ImageIs Europe becoming less uniform? Lack of uniformity among member countries mattered less when the EEC was formed. The people were poorer and more dutiful. Relations and negotiations were conducted among a cosmopolitan elite.
This is changing in two ways. As Europe emerged from post-war reconstruction and the ensuing cold war, national characteristics were able to flourish again in the warmth of peace and relative prosperity. At the same time, national political elites started to become more dependant on their increasingly aware populations for continuation of their political careers and membership of the elite at the European level.
Thus the trend toward uniformity implied by the Monet vision failed to happen in some important respects. Economically illiterate European politicians pitchforked most of Europe into a single currency, with the result that the gulf in styles of economic management between North and South Europe caused greater strains.
Even within Northern Europe the economies have run in different styles. Britain borrows, Germany saves and shuns credit cards by choice.
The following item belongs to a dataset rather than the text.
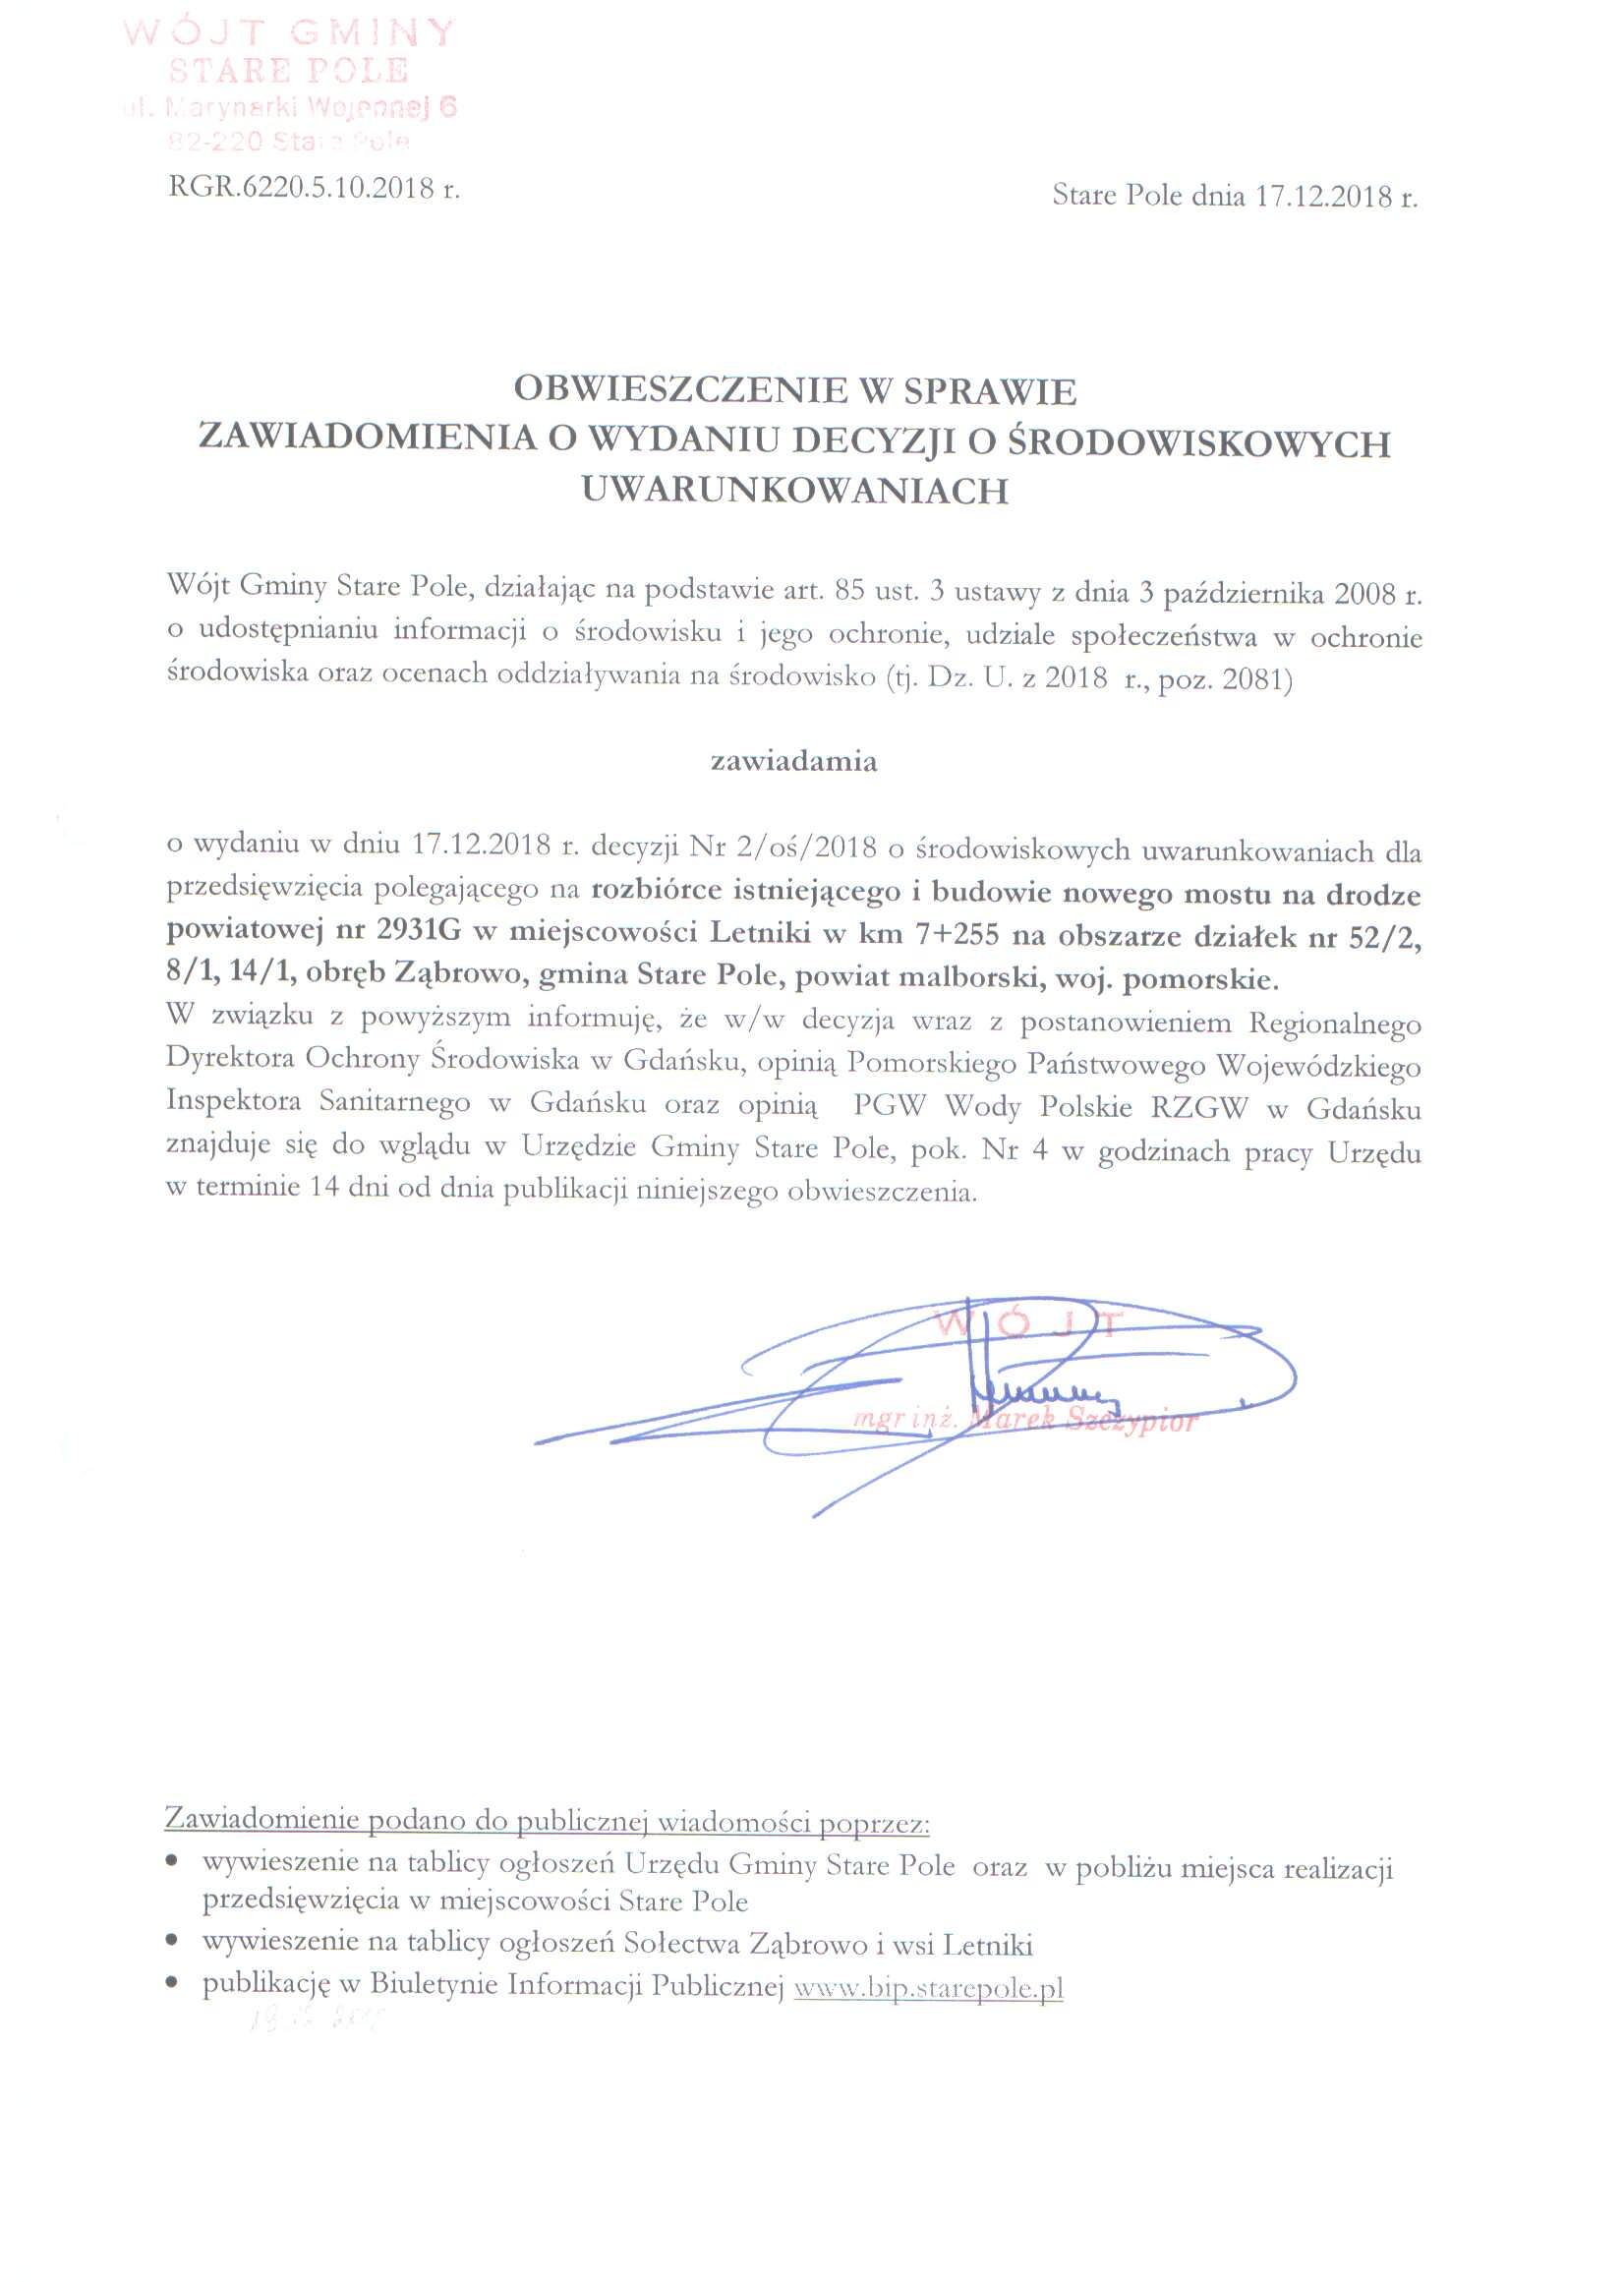 Obwieszczenie Wójta Gminy Stare Pole z dnia 17 grudnia 2018 r. - II

Britain advocates free trade, France lightly disguised protectionism. France and Germany have policy strategies, Britain claims to favour the free market, which is often an excuse for avoiding policy choices.
As more south European countries have joined the EU - for the money - so the amount of corruption has leapt. Romania, Bulgaria and many Balkan countries are institutionally corrupt. Southern Italy is institutionally corrupt. If you doubt this, your Christmas book list should include the richly written and stomach churning Gomorrah (for Italy), and McMafia for Bulgaria, the Balkans, and the rest of the world.
The more you gaze on Europe, the more foreign it seems.